3 Goose Hunts that Broke the Rules

By author of The Duck Blog

Reflecting on honkers from last season that wouldn’t play the game but ended on the dinner table anyway

Canada geese don't always follow the rules. Sometimes, you have to respond in kind to turn the tables. Photo © Nick Costas

Honkers can get under my skin any year, but this past season in particular, I encountered several flocks of geese that spiked my blood pressure and elicited creative vocabulary. But I managed to outmaneuver them in the end. Here’s a look the types of problem geese I encountered and how I dealt with each.

The Surveyors

Some honkers seem to have an internal plat book, because they somehow know the location of municipal limits and property lines and always stick to the safe side of those boundaries. Killing them can be tough unless you convince them they should stop elsewhere for a visit.

In October, I located good numbers of geese in a cut cornfield near a highway. The owner of the field doesn’t allow hunting, so setting up on the X wasn’t an option. After watching the birds for several mornings, though, I had an idea.

The geese were roosting on a pond north of the field, and my friends and I had permission to hunt the farm between the roost and the hot feed. If we waited for a day with a stiff south wind, we could set up along the fence line between the properties and try to run traffic.

This plan worked better than we’d hoped. Instead of merely getting a few fly-bys, we had great in-your-face decoying action and limited quickly. The geese never returned to the out-of-bounds field, and I was OK with that.

The Short-Stoppers

Late-season geese can be buggers about finishing in the decoys, even if your concealment is good and your spread looks inviting. Sometimes, you need to pull a 180 on them.

During the season's final days, 150-plus geese were feeding daily in a snow-covered stubble field. A buddy and I enjoyed one good shoot there, but we struck out during subsequent hunts because birds coasted just out of range or short-stopped the spread to land in an adjacent field. One day, I’d had enough.

“Let’s set the spread like usual, but set up downwind to catch them coming in,” I said.

My buddy agreed, and we even found good hides by the large tires of a massive pivot system. Sure enough, the honkers lifted off their roost on cue and began their steady approach to the field. And when several of them dropped altitude and coasted toward landing spots outside our decoys, they came right over our heads.

Falling geese can make quite a dent in snowdrifts. Just saying.

The Roost-Buster

Conventional etiquette holds that you shouldn’t shoot a roost water. Doing so can be difficult, unless you slip in well before daylight to avoid flushing birds. But when the season is ticking down and that roost is the only water not covered in ice, the rules change.

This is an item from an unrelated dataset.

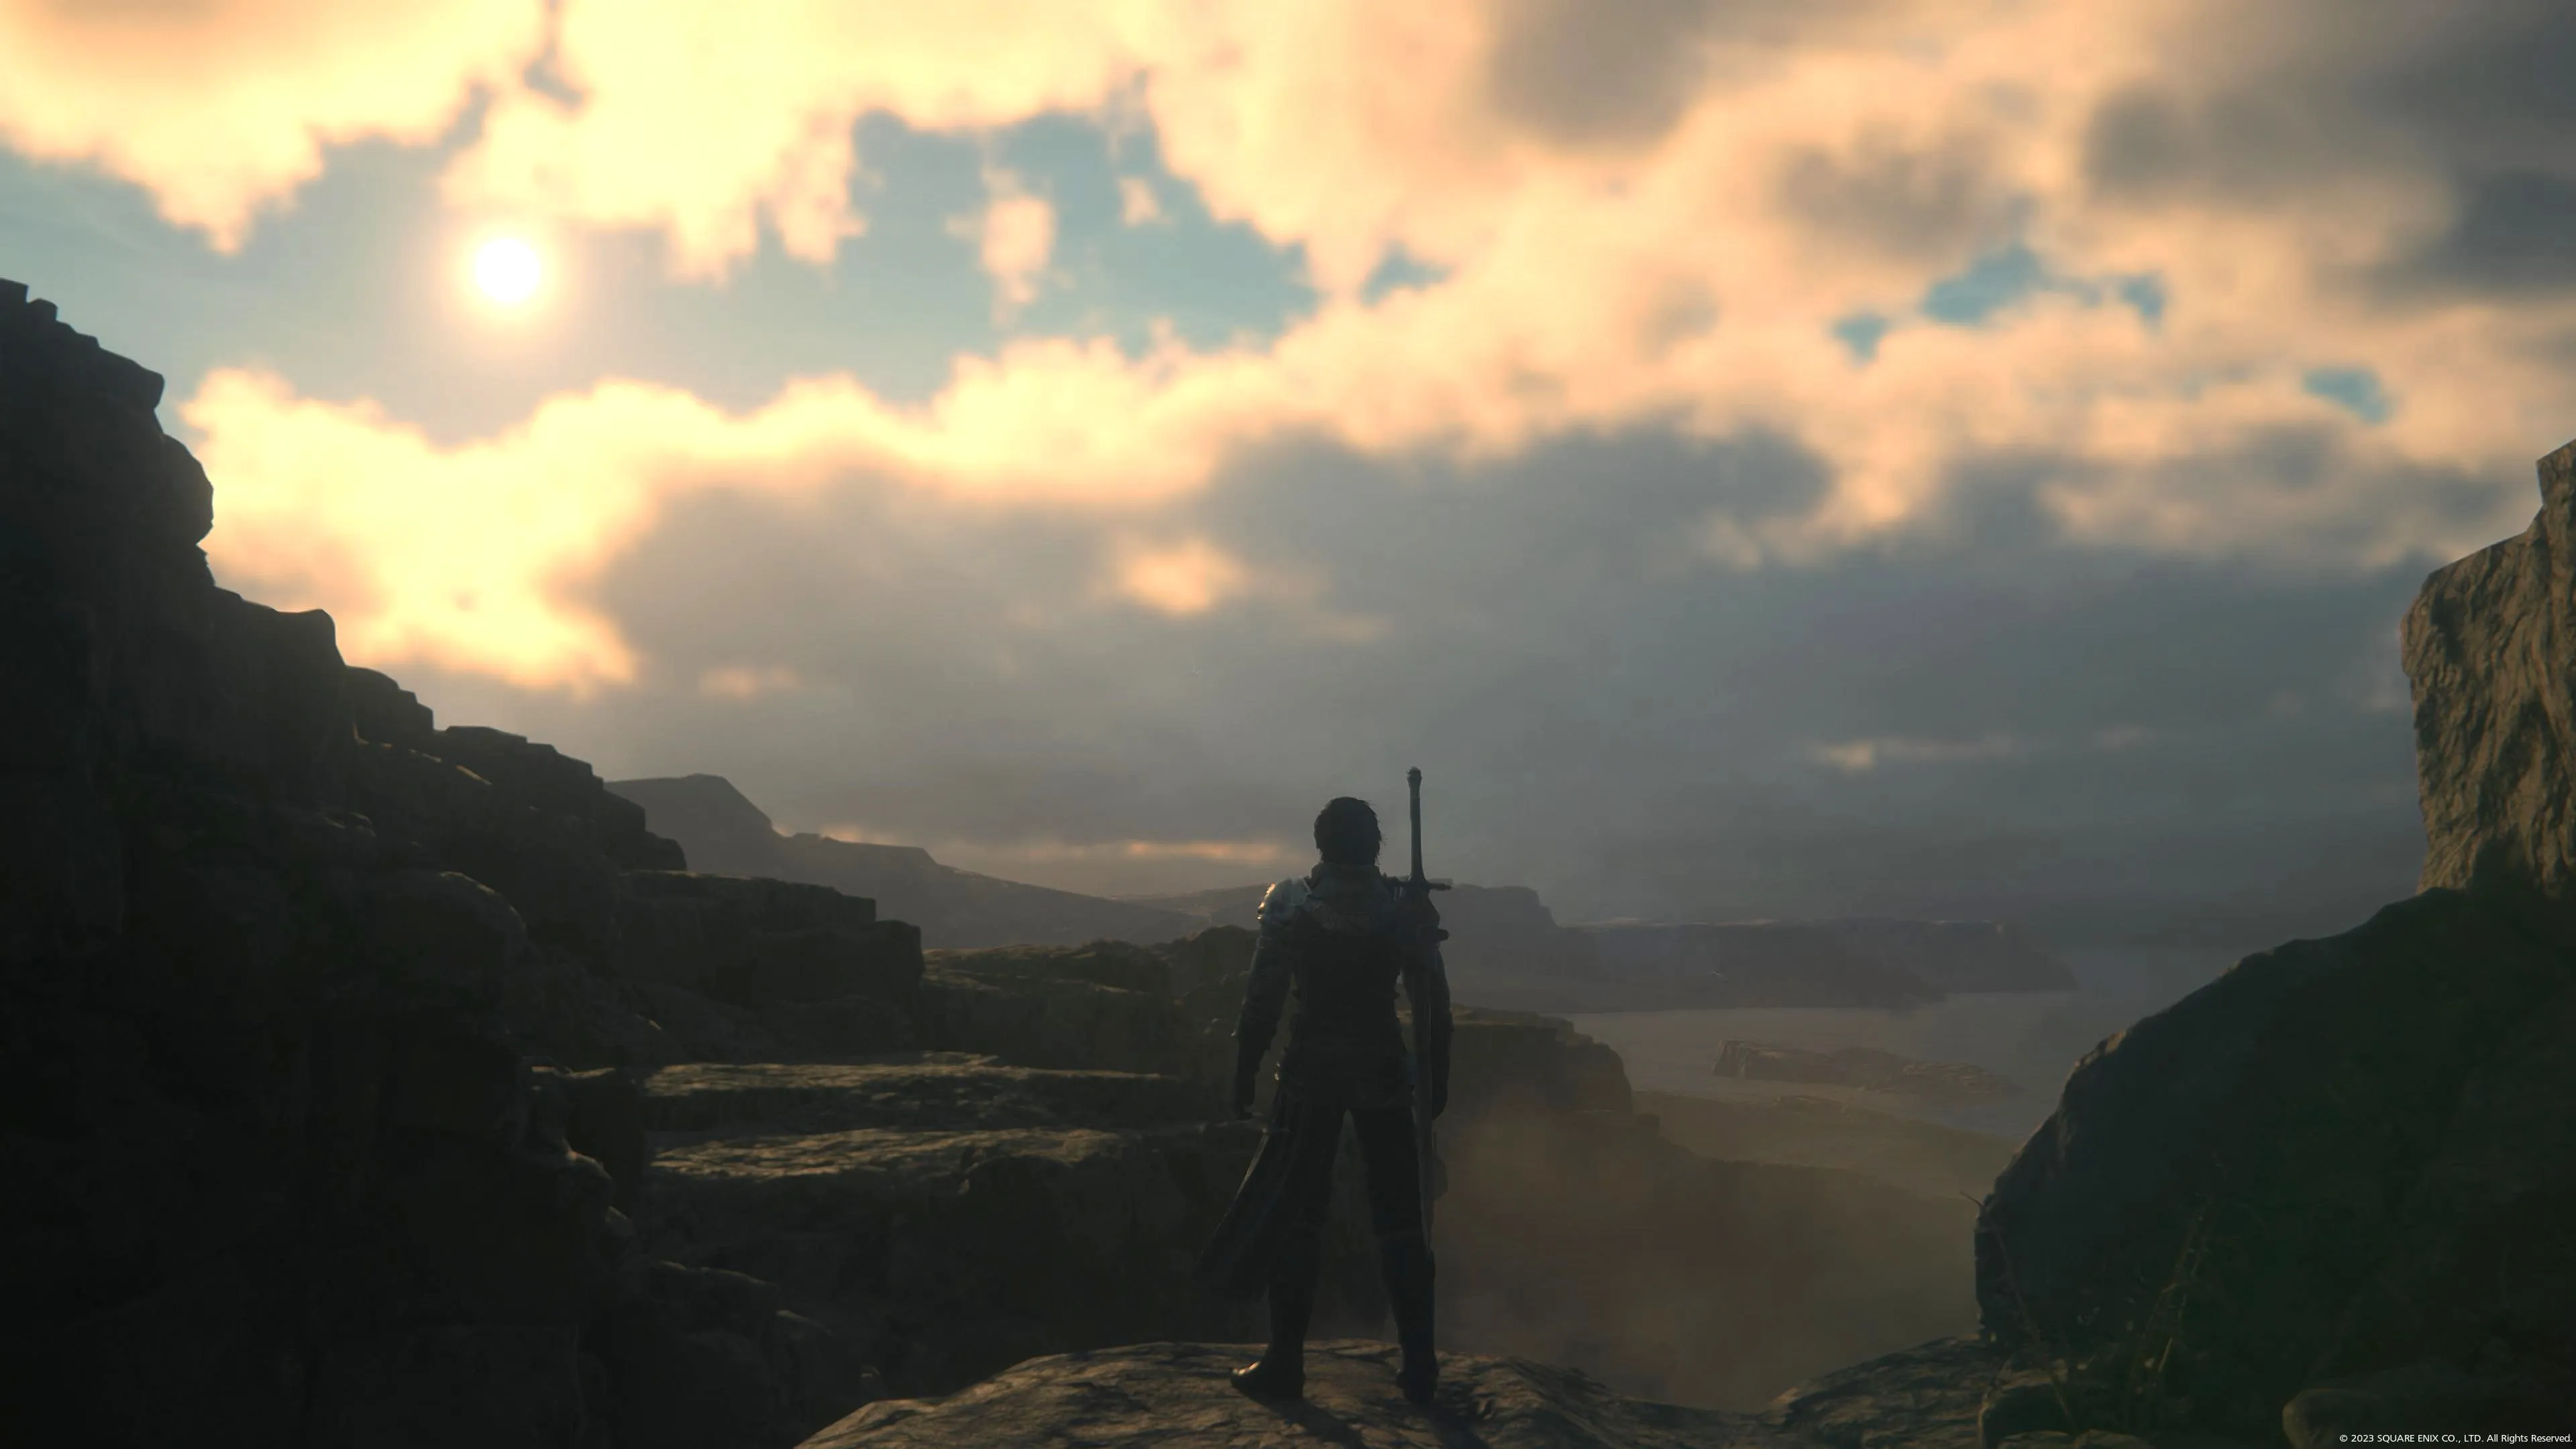 Clive de Final Fantasy 16 contempla un paisaje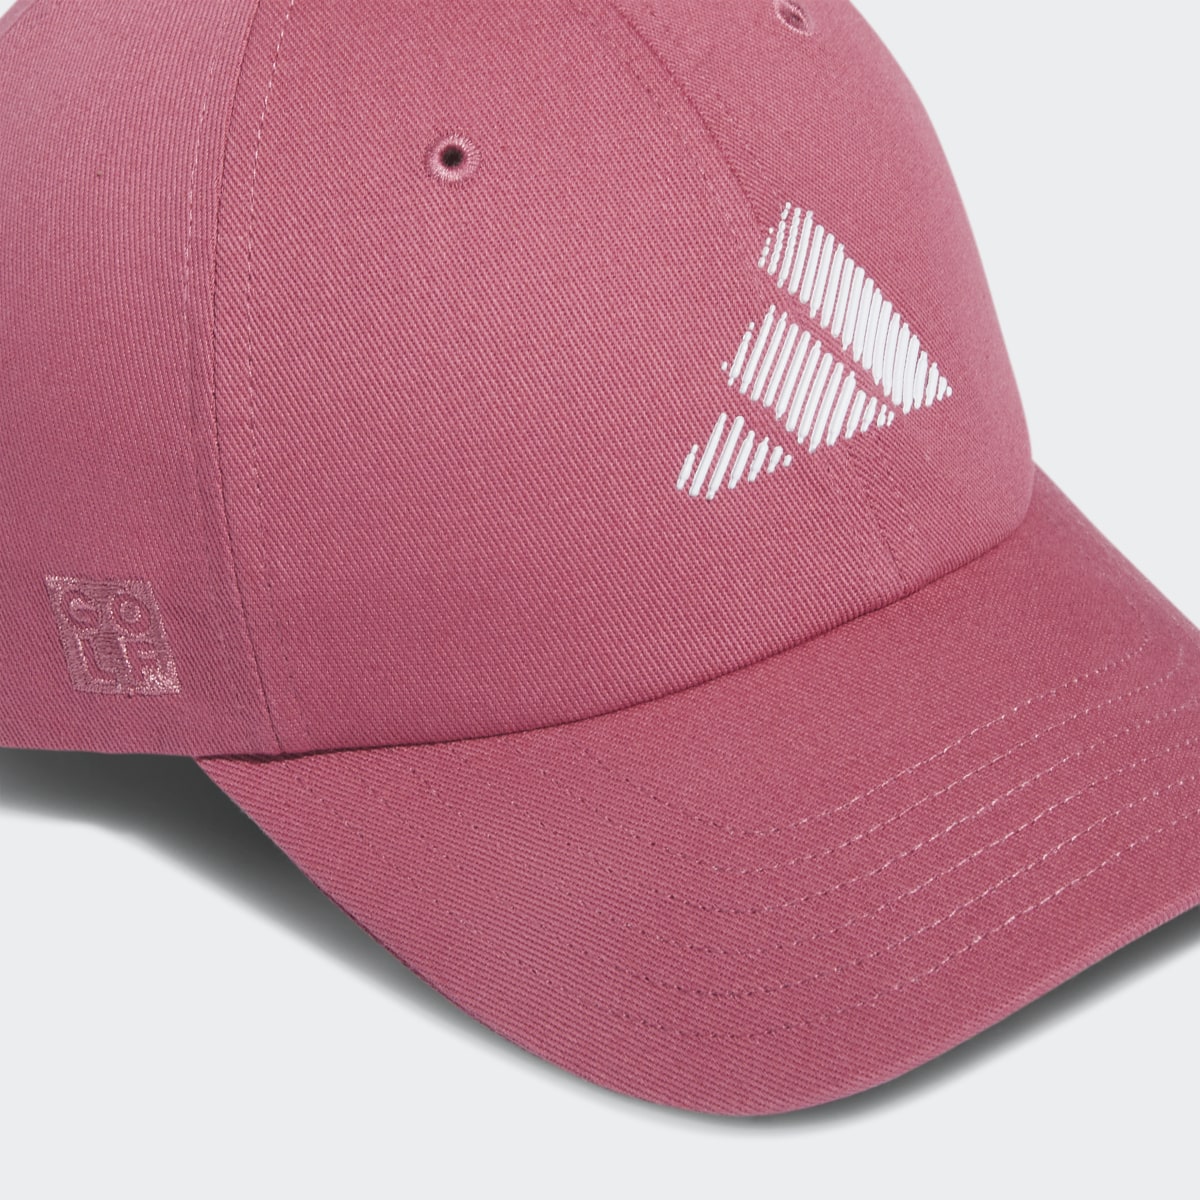 Adidas Criscross Golf Hat. 4

I’d intended to hunt mallards on the half-frozen lake that morning, but several hundred departing geese surprised me. "No way they’re coming back," I thought.

But as the morning progressed and the duck flight slowed, I noticed several batches of geese returning to the lake from nearby fields. Smaller lakes and ponds where the geese would typically loaf at midday were frozen so, just like me, the geese had fewer open-water options.

I hadn’t brought any goose decoys, but I had a call and found a decent setup with good cover. And when a returning flock swooped low for a look, I added a grain-fed honker to the mallards in my skiff.